— About this exercise —
From the records that follow, return exactly the lines beginning at the one that contains "New Mobile Homepage" and ending at the one that contains "Page 21 of doujinshi 싫어하는 프라나가 기꺼이 봉사하는 이야기", pictures left out.

— Data for analysis —
Segment Open
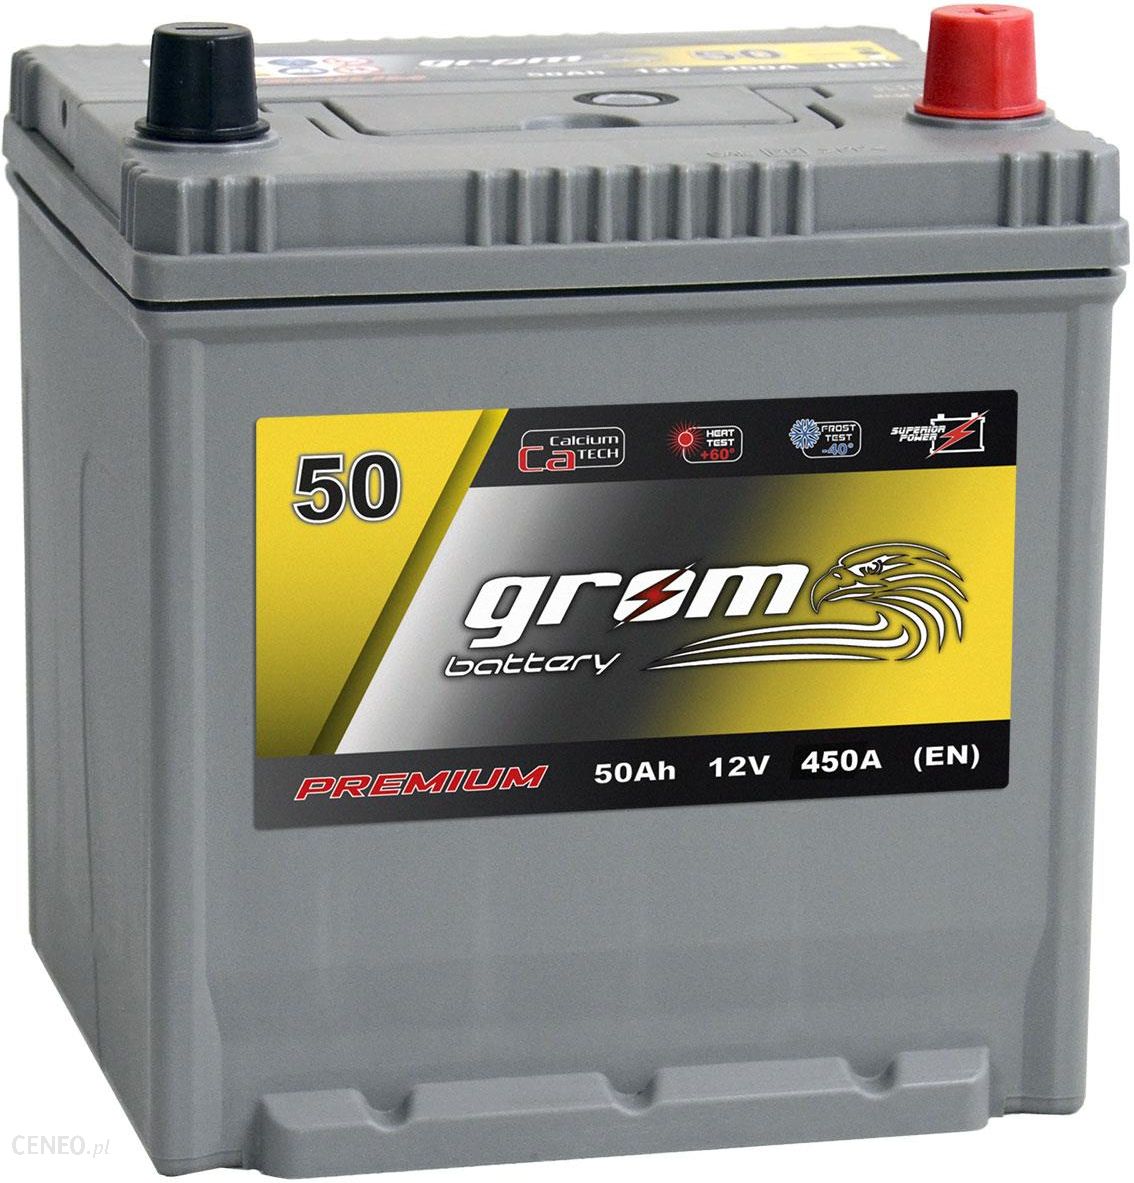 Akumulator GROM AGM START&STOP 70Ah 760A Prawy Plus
Segment Closed
Segment Open
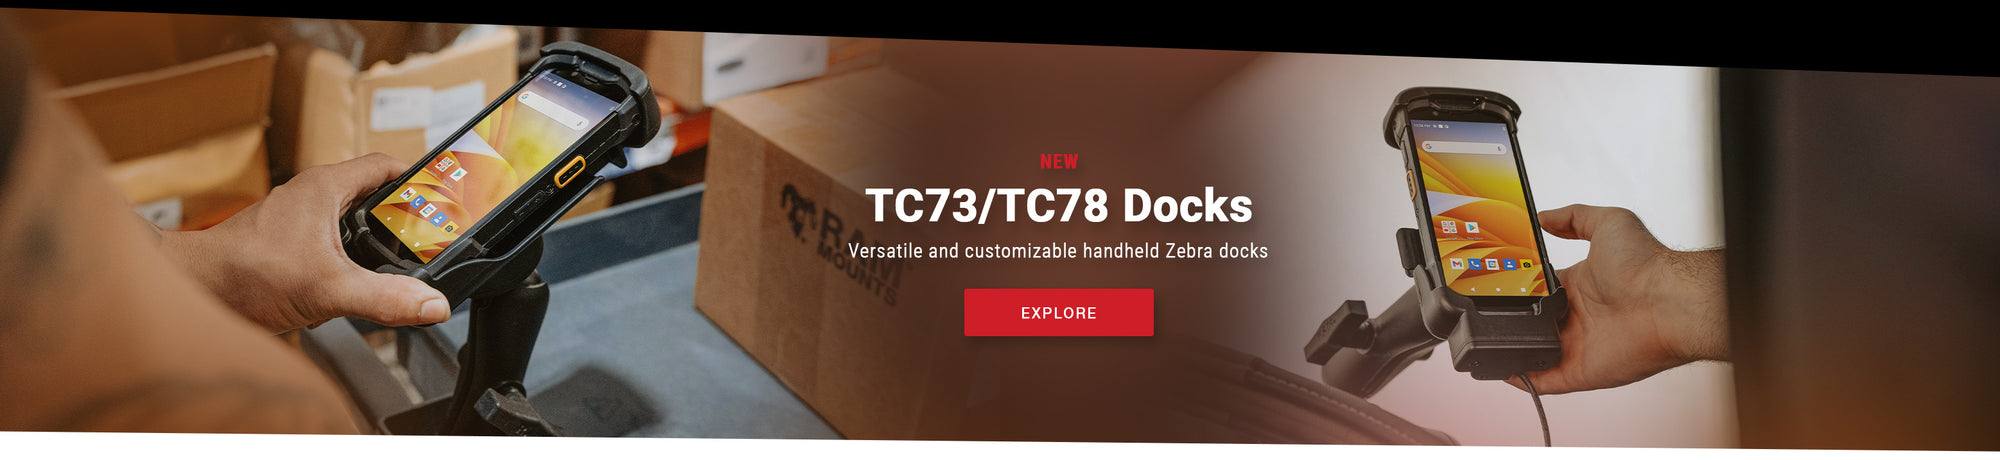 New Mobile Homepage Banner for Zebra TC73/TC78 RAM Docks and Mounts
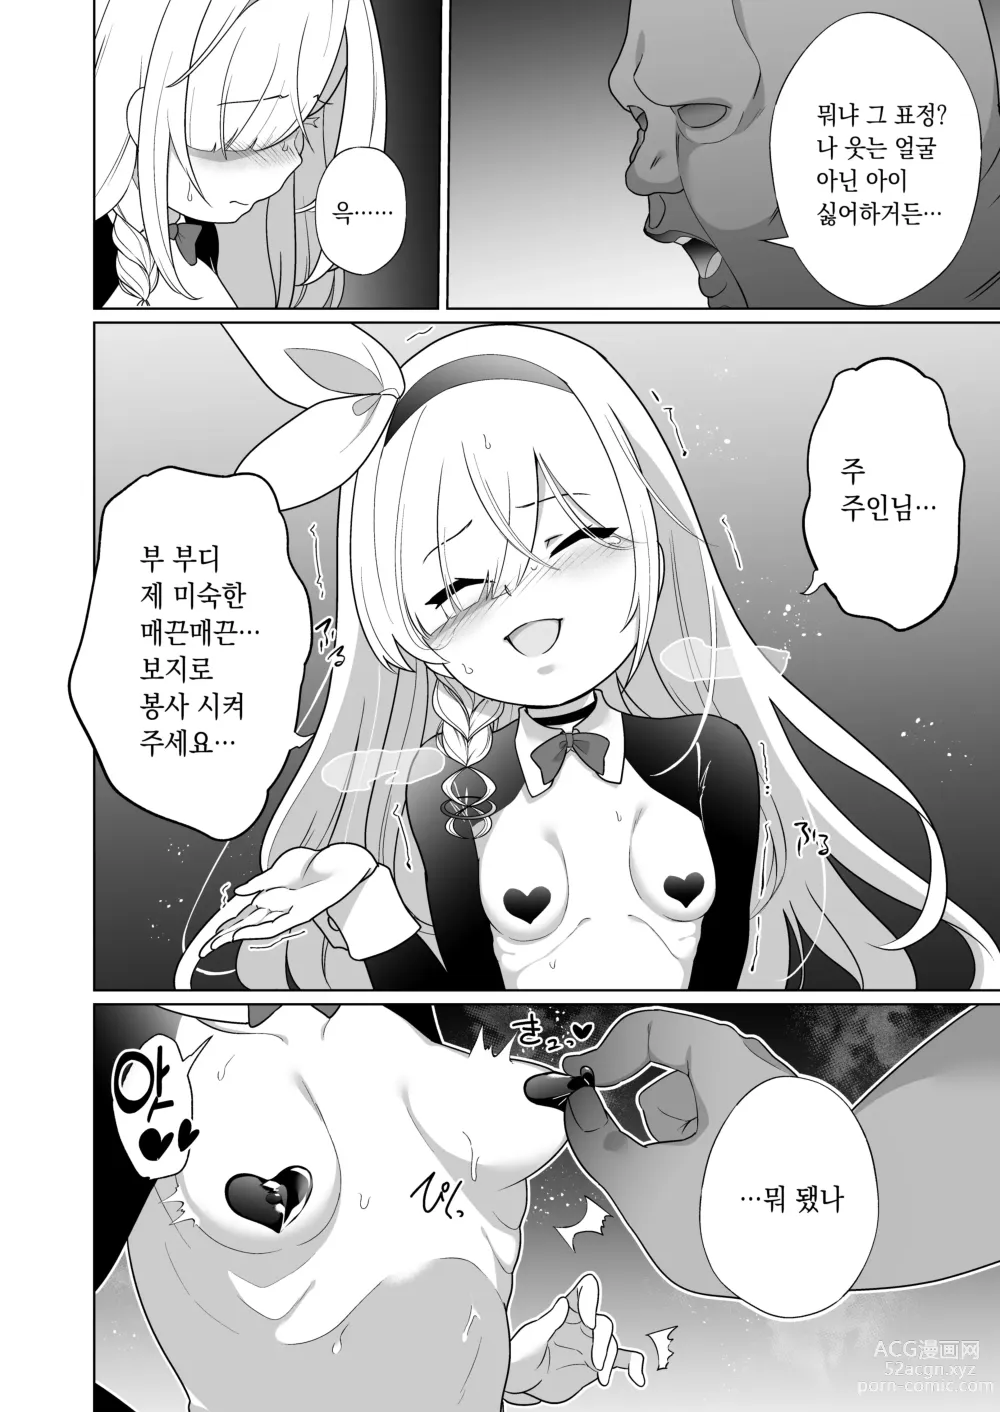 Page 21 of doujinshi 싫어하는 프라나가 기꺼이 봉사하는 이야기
Segment Closed
— Exercise solution —
 New Mobile Homepage Banner for Zebra TC73/TC78 RAM Docks and Mounts
 Page 21 of doujinshi 싫어하는 프라나가 기꺼이 봉사하는 이야기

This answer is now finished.